Apple has been criticised for a lack of consideration over a fake anti-virus that swamps a user's screen with pornographic images.
The MACDefender scareware was detected by Intego in early May, who said that when a user clicks on a certain link, they are sent to a website that displays a fake Windows screen with an animated image showing a malware scan which tells the user that their computer is infected.
Intego said: “This application is very well designed and looks professional. There are a number of different screens and the grammar and spelling are correct, the buttons are attractive and the overall look and feel of the program give it a professional look.”
Despite this detection, an internal memo from this week seen by ZDnet, reveals that Apple are taking no part in removing the malware with staff encouraged to tell callers that ‘Apple does not provide support or assistance in removal or diagnosis of malware'.
If a user has not installed MACDefender, Apple support staff are encouraged to tell the caller that they quit the installer and delete the software immediately with a line of ‘AppleCare does not provide support for removal of the malware'. They are also encouraged to not confirm or deny whether the customer's Mac is infected or not.
If the caller has installed the malware, staff are encouraged to handle the call with the following guidelines: make sure their Mac OS X is up-to-date and all security updates have been installed; direct the caller to ‘What is malware' on the help folder; and explain that Apple does not make recommendations for specific software to assist in removing malware, directing the caller to the Apple online store and the Mac App Store for anti-virus options.
ZDNet's Ed Bott said he has found more than 200 separate discussions on Apple's official forums about MACDefender and that the volume of reports about the problem was ‘exceptional'.
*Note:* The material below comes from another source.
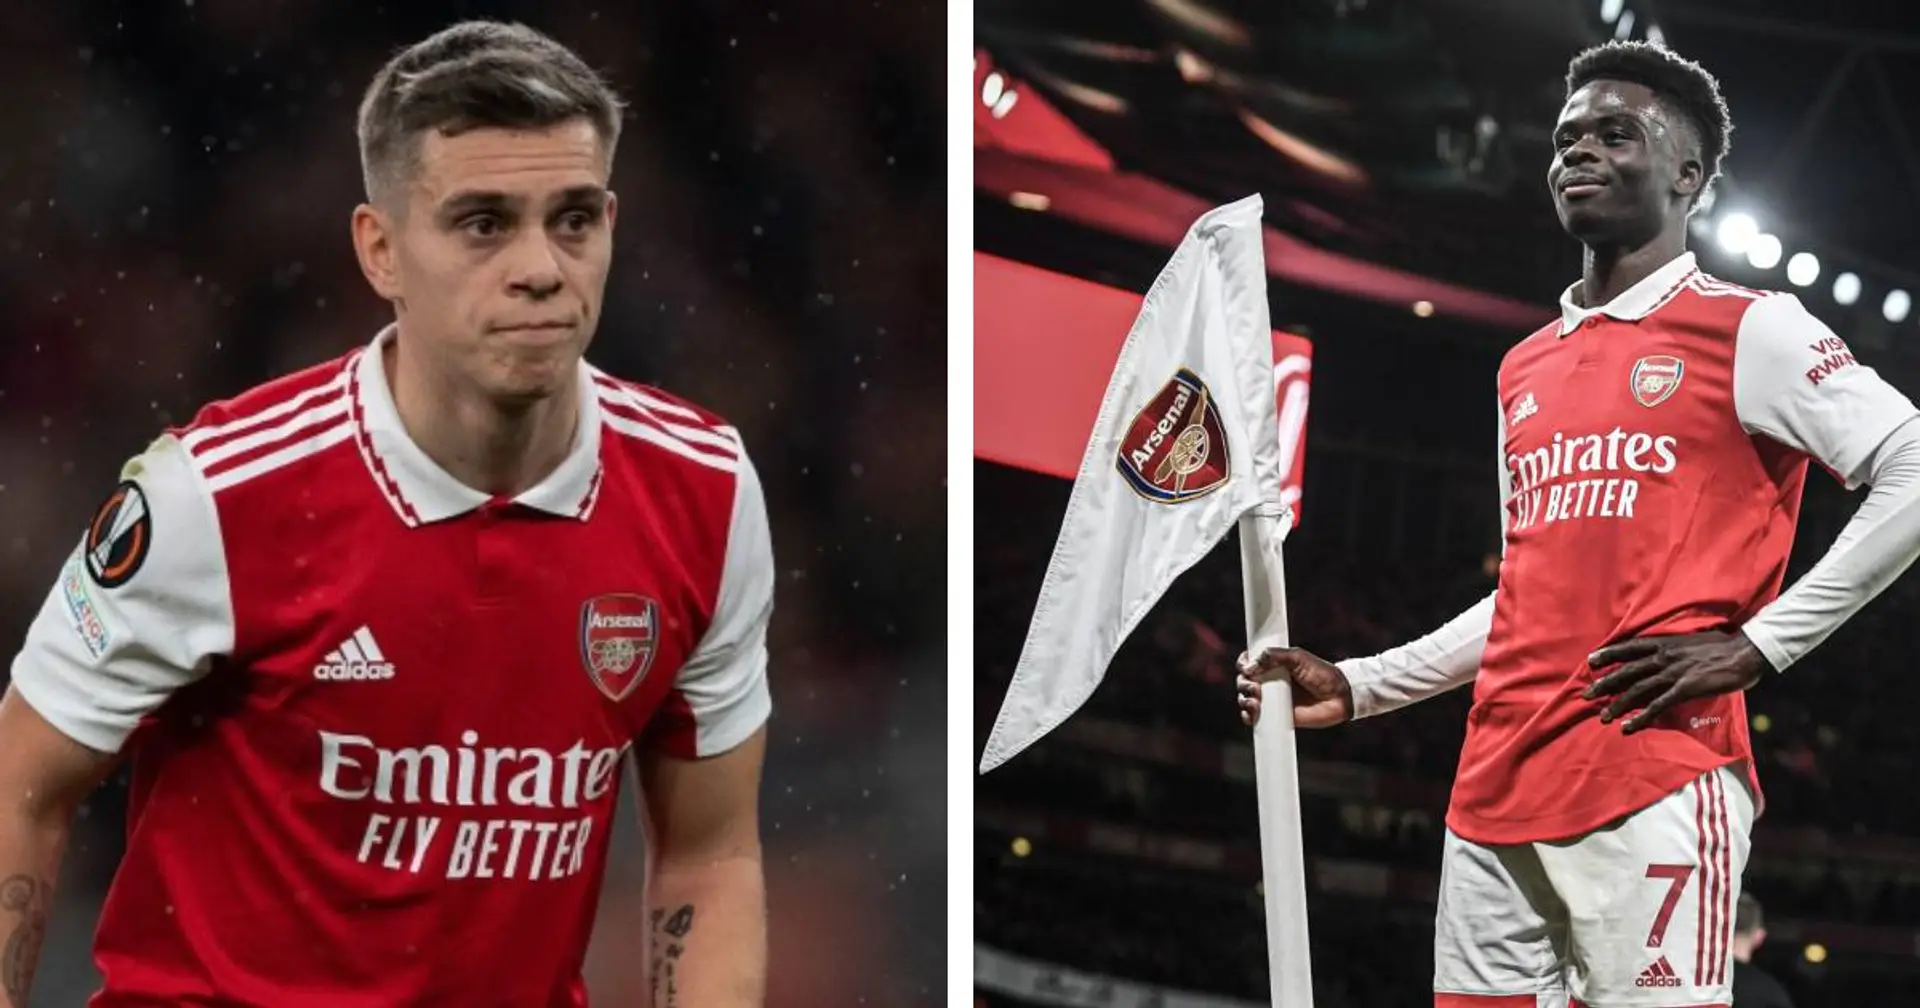 Leandro Trossard second only to Bukayo Saka in key attacking stat for Arsenal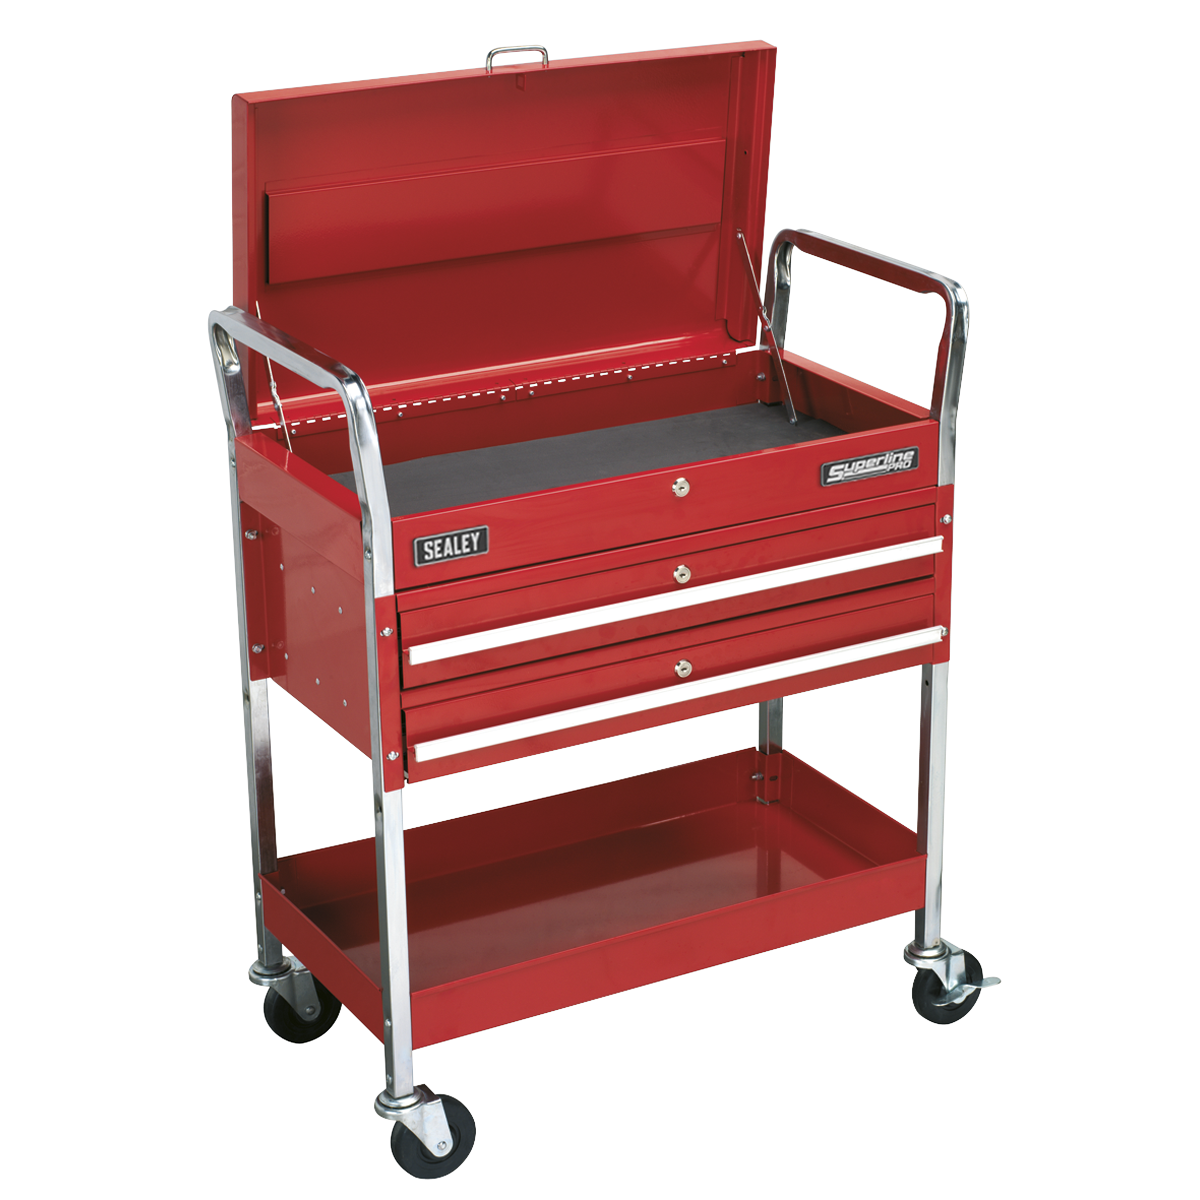 Sealey Trolley 2-Level Heavy-Duty with Lockable Top & 2 Drawers CX1042D

Luis Corrons, technical director of PandaLabs, said that Apple should not recommend any particular anti-virus but they should encourage people to have one installed and this is becoming an issue.
He said: “There are a number of solutions, both free and paid. For many years, Windows users have switched to Apple thinking it is a malware-free world but that is not true anymore, though most of the malware is still designed for Windows and we see new threats emerging for this platform.
“Apple is not happy about this, but it seems they don't want to recognise there is a real problem here and in my opinion this is an irresponsible position.”
Eddy Willems, security evangelist at G Data, commented that Apple is generally secure but an attitude of nothing being able to penetrate the OS is not good enough.
He said: “They cannot keep going on this course; Apple has some protection with removal tools so users can update and take care of problems. I don't know if this attitude is short sighted, Microsoft did not acknowledge the problem in the beginning and were not aware of the problems.
“They could handle this more efficiently which they have not done yet, but they are just realising that they are becoming a target and I think that will change.”
David Harley, CEO of Small Blue-Green World and administrator of the Mac Virus website, said: “I don't always admire Apple's security claims, but I'm not entirely out of sympathy with their position on user support and it is not inconsistent with their position as regards the minimal malware detection in Snow Leopard. They haven't promoted that, perhaps because they were aware that it's not and can't be industrial strength anti-virus and maybe were even concerned that users would be given a false sense of security if they knew it was there, assuming that it was all that was necessary. As did, in fact, happen to some extent.
“If that's the company's position here, it's not necessarily irresponsible. Of course, if anyone at Apple is saying ‘Mac users aren't vulnerable to malware threats', that's a different proposition. However, I think the issue here is that stuff like this is attacking the user via some form of psychological manipulation, not via system or application vulnerabilities. The same is true of most Windows malware, of course, but attacks via Windows or Windows app vulnerabilities are still common. Though not as common as some commentators assume.”